I woke up at 3:30 this morning because I slept half the day yesterday after arriving on a red-eye from HIMSS12 in Las Vegas. We were thrilled that the Annual Conference had record-breaking numbers of attendees and exhibitors. It was a fabulous week of learning and catching up with friends, and I was ready to come home. My experience with HIMSS has been tremendous and has given me a good overview of the current healthcare IT landscape. A few interesting observations from my travels:
1. Everybody has the same problems. I’ve been working at Partners for many years. People are always impressed by the name and our accomplishments in health IT. But while Partners has made many great contributions, like any organization, we also have our challenges. Our friendly competitor in town attested for Meaningful Use Stage 1 on the first possible day while we are still certifying many of our systems for attestation in 2013. Our CIO says, “We only know what we know.” That’s how I have felt — I know our integrated delivery system and the Boston healthcare market, but does that translate to what others are experiencing across the country?
It turns out that it does. I have been fortunate to learn pretty detailed information about how many organizations approach clinical care processes, research and development, teaching, and mission to their communities. Of chief interest to people like us, of course, is IT strategy and the approach to supporting these endeavors in an environment where the payment system is likely changing and resources are limited.
To my surprise, I haven’t encountered a single scenario that I hadn’t run across in my experience at Partners. Healthcare providers, large and small, are adopting EHRs to meet Meaningful Use, working on integration and data exchange with business partners, and looking to turn data into information that can be used to manage population health. All of these activities require IT departments to be more efficient and execute more projects on short timelines with the same or fewer resources.
2. “Open” versus “closed” systems. Of most interest was the very clear divide between those who are sold on the very successful vendors with closed architecture versus the few that are making their way with an eye toward open standards. I put open and closed in quotes because deeper technical dives on products can show that market perceptions aren’t always the reality. I have written in this space before about significant interoperability success with one of the “closed” vendors.
In the community setting, many seem to continue to have success with the one or two vendors who can provide a complete package and support for relatively low cost. This includes the ability to overcome regulatory hurdles like 5010, ICD-10, and Meaningful Use. In the academic/large hospital market, there are some who adopt a “nobody ever got fired for buying a certain vendor from the cheese state” theme. This also appears to be a conversation amongst some of our Clinical Chairpersons across the country. Chair of Medicine at X tells his med school buddy, who is Chair of Medicine at Y, that they have had a great experience with that vendor. Chair of Medicine at Y may have never laid eyes on the system, but he’s an evangelist at Y because of his friend at X.
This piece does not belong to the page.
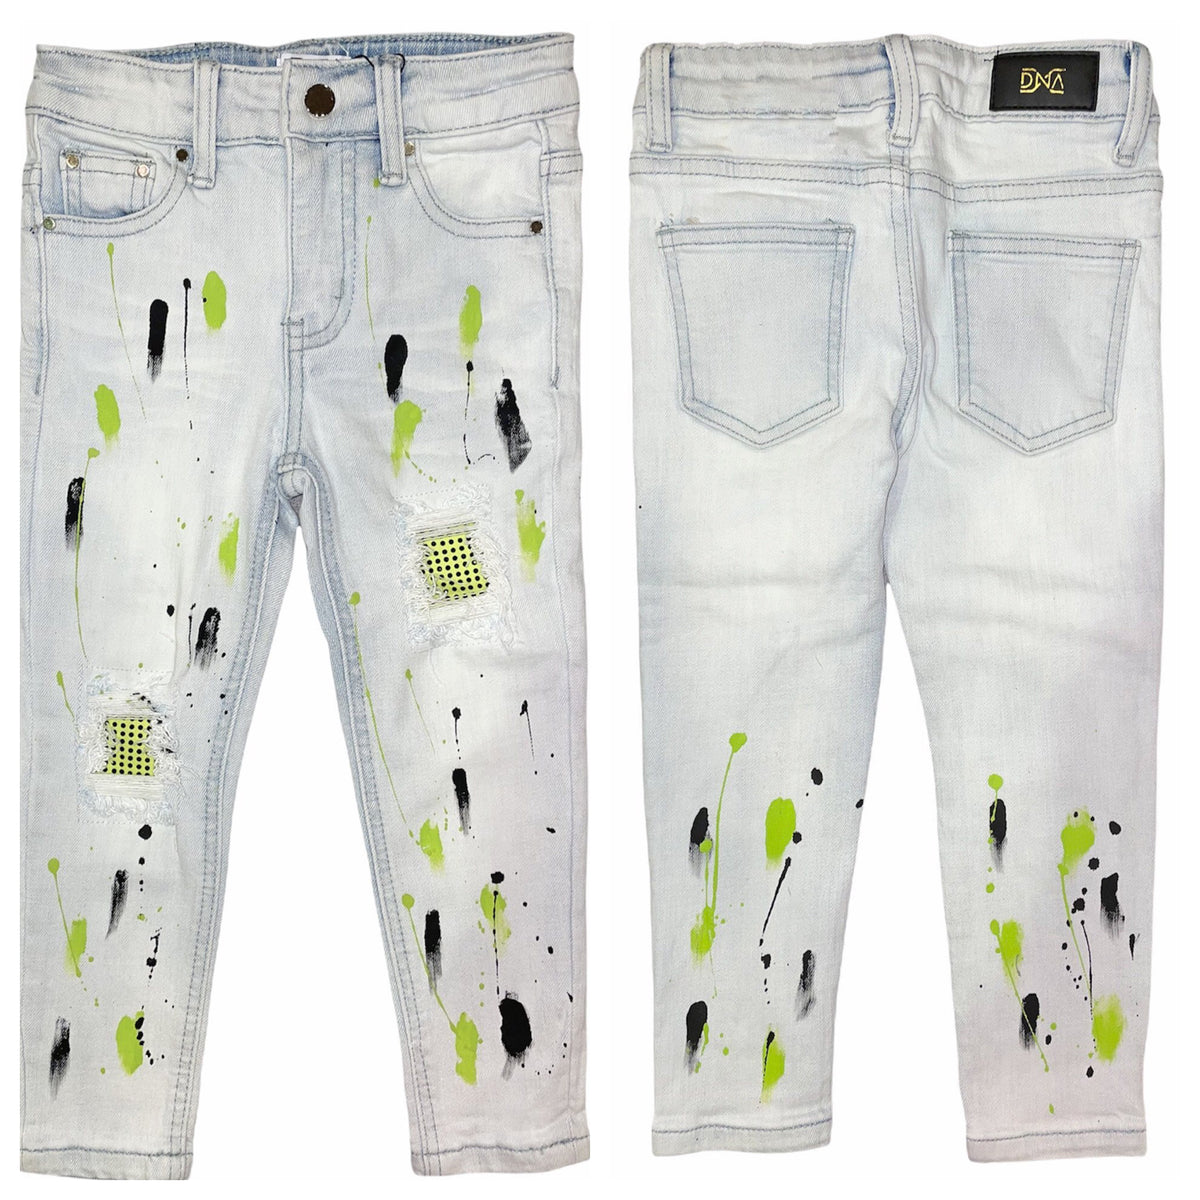 Kids Dna Stone & Paint Jeans-Green/Black

On the other side of the divide, for some organizations with informatics and development ability, there is an equally strong passion for retaining the opportunity to innovate and conduct research on new clinical knowledge interventions within systems. While even these institutions acknowledge that some functions are best supported in a vendor platform, the vendor must be willing to partner on innovations and invest in intellectual property. Above all, the vendor’s architecture must support local interventions and interoperability.
We have yet to resolve this at Partners. As we look to our next generation of clinical systems to support our mission and the mandates from regulators and payers, we have the same questions. We certainly have people with passions for both of these arguments.
3. Research has different computing needs. We’re all familiar with Moore’s Law — the number of transistors that can be placed inexpensively on an integrated circuit doubles approximately every two years. There is also exponential potential in personalized medicine as we unlock the human genome and discover ways to use this powerful information in the patient interaction. Our basic science and clinical researchers have different computing needs. I’m no expert, but my years at Dana-Farber Cancer Institute and serving the Partners AMCs have shown me a few themes.
Our researchers have some common needs, but they operate very independently. In most cases, they have secured their own funding and paid the requisite “institutional tax.” When it comes to computing needs, they want to purchase the latest, most powerful computing platforms and lots of storage as cheaply as possible. While they certainly understand security and privacy issues, they often need more flexibility than our locked-down processes in the clinical care environments. They want to be able to move quickly and often need to collaborate across many institutions and business entity boundaries.
Then there is the prolific use of Apple products. For years, we have supported the MacIntosh hardware and OS on a “best effort” basis. Since the advent of the iPhone and iPad, we have established more “consumer friendly” support models that keep our security standards in place. The use of Apple products has become so large that we are now considering a standard offering and support structure. Finding ways to support this community while maintaining information security practices and rigorous budgeting is imperative.
For many organizations, building the bridge between research innovation and standard care operations is fundamental to the mission. From a technology perspective, we need to allow “coloring outside the lines” for innovation, then work hard to codify what works in technology standards. Much of the directional debate in #2 seems to be about organizational ability to execute on this point.
It’s still dark outside, so there’s plenty of time to run and then continue our efforts to meet the healthcare IT challenge.